The addition of extra hidden layers between the input and output layers gives rise to the deep in DEEP LEARNING.

We'll see where the learning fits in shortly. We'lll need to learn the values of the weights and biases.

For the moment though we initialise our weights with fairly small random numbers, and set our biases to be zero.
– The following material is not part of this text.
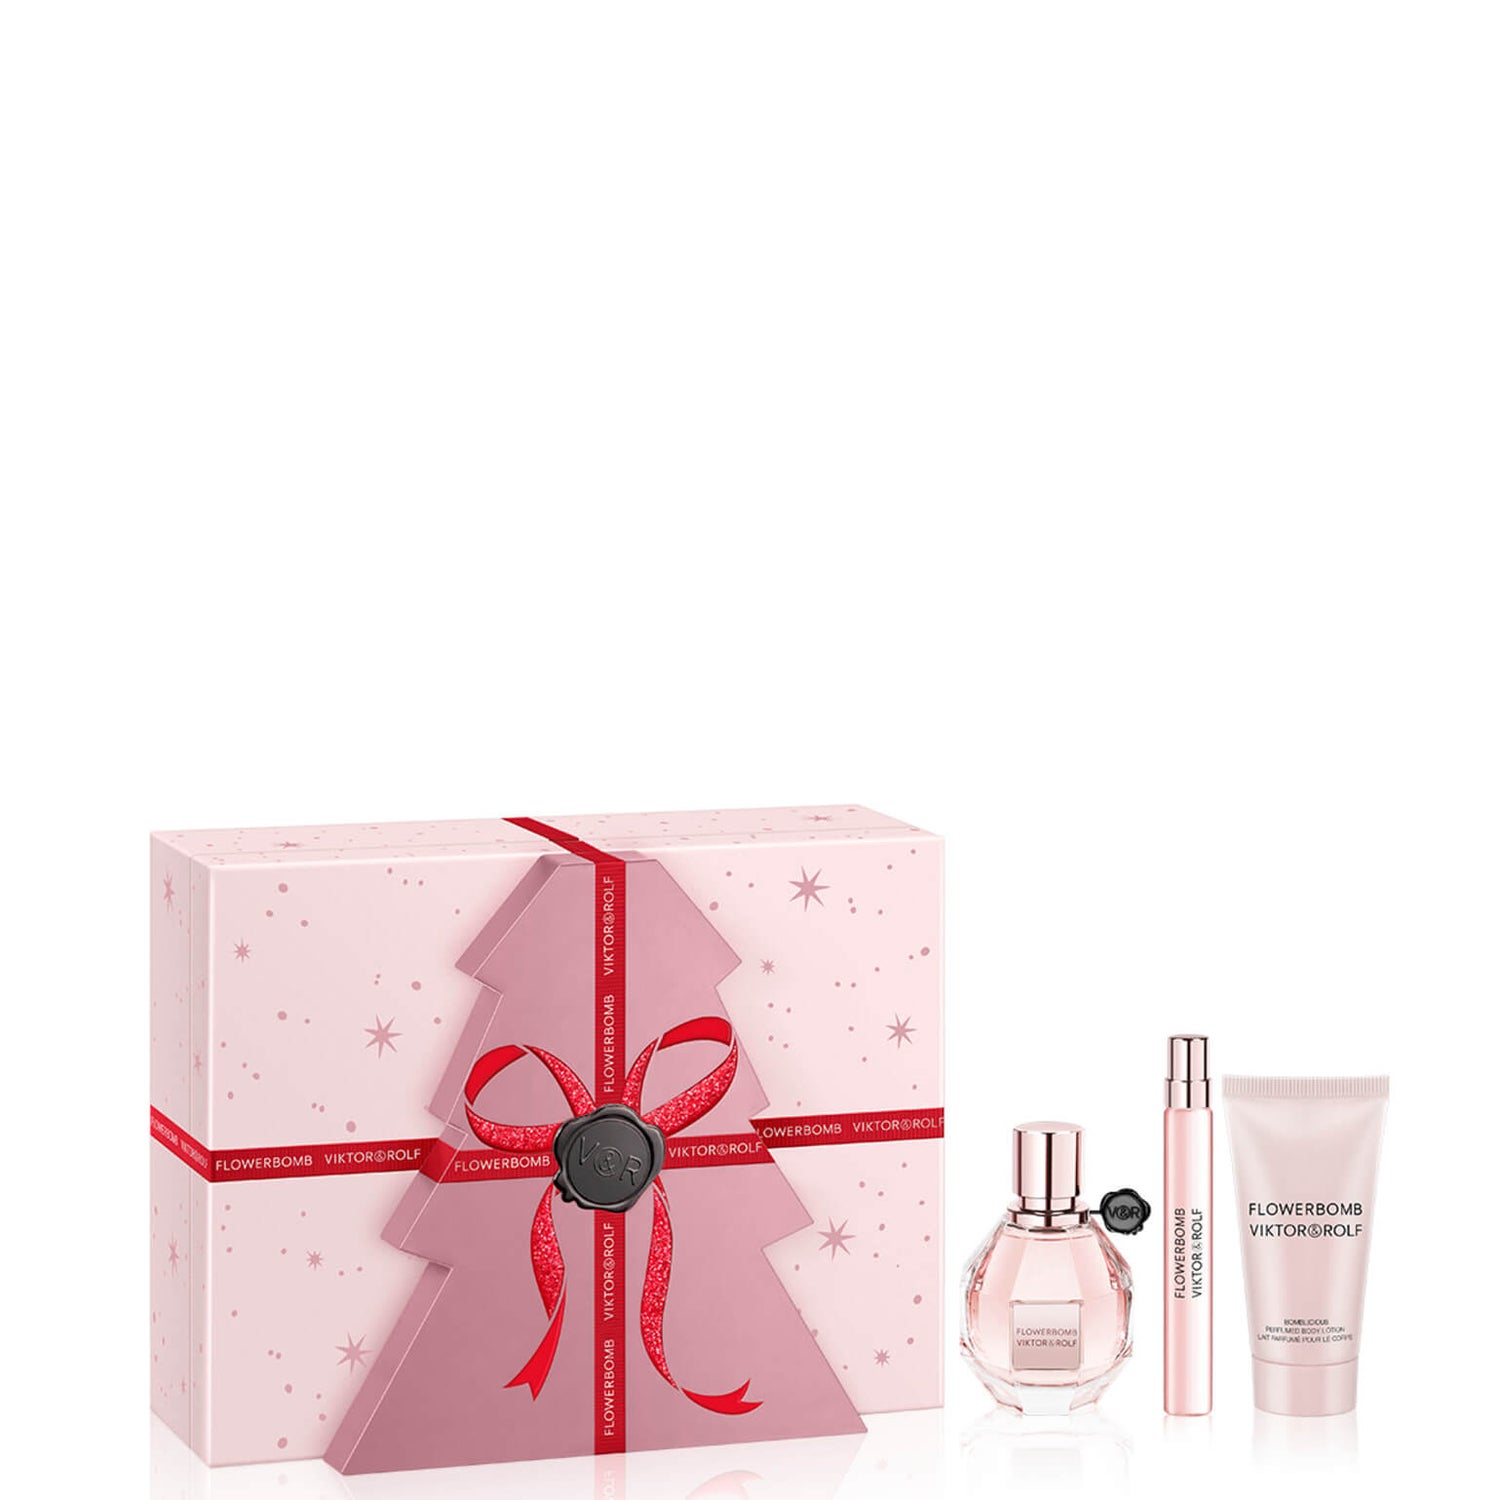 Viktor and Rolf Flowerbomb Eau de Parfum Luxury Gift Set 50ml (Worth £115.00)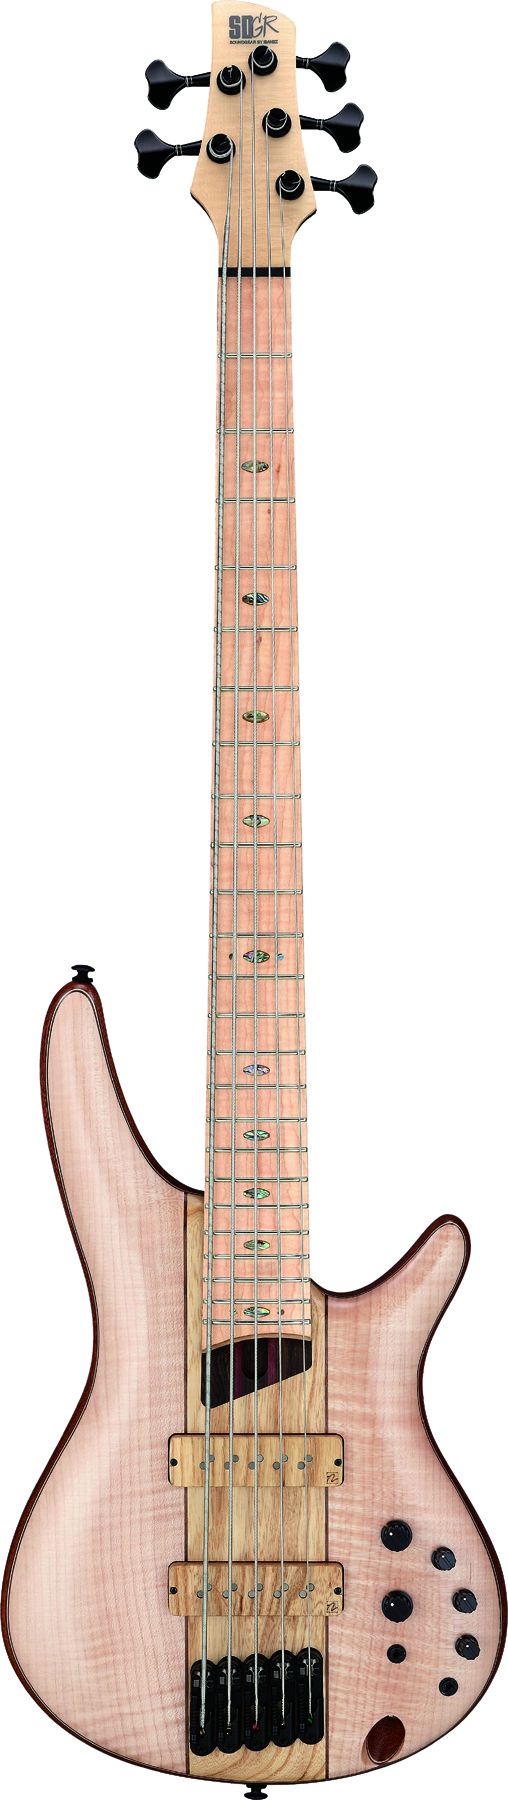 Ibanez SR Premium Series Nordstrand 5 String Electric Bass Guitar

We'll use the training data to learn better values.

We initialise our network architecture along with the weights and biases as follows.

In [13]:
inn = 784  # number of nodes on input layer
h1n = 500  # number of nodes on first hidden layer
h2n = 200  # number of nodes on second hidden layer
onn = 10   # number of nodes on output layer

# weights and biases
W1 = 0.5 - np.random.rand(inn,h1n) # weights connecting input to first hidden
W2 = 0.5 - np.random.rand(h1n,h2n) # weights connecting first to second hidden
W3 = 0.5 - np.random.rand(h2n,onn) # weights connecting second hidden to output
b1 = np.zeros([h1n,1])             # bias on first hidden
b2 = np.zeros([h2n,1])             # bias on second hidden
b3 = np.zeros([onn,1])             # bias on output

print(f'W1 shape: {W1.shape}, W2 shape: {W2.shape}, W3 shape: {W3.shape}')
print(f'b1 shape: {b1.shape}, b2 shape: {b2.shape}, b3 shape: {b3.shape}')
W1 shape: (784, 500), W2 shape: (500, 200), W3 shape: (200, 10)
b1 shape: (500, 1), b2 shape: (200, 1), b3 shape: (10, 1)

The Feed Forward Algorithm¶

We have already seen this. The feed forward algortithm, for $L$ layers (not including the input layer) is,

\begin{align*} & \boldsymbol{a}_0 = \boldsymbol{x}, \\ & \text{for } k = 1,2,\ldots,L, \\ &\qquad \boldsymbol{n}_k = \boldsymbol{W}_k^T\boldsymbol{a}_{k-1}+\boldsymbol{b}_k, \\ &\qquad \boldsymbol{a}_k = \sigma_k(\boldsymbol{n}_k), \\ &\boldsymbol{y} = \boldsymbol{a}_L. \end{align*}

where $\sigma$ is the activation function. We have seen the Heaviside function for this, as well as the sigmoid and the ReLU.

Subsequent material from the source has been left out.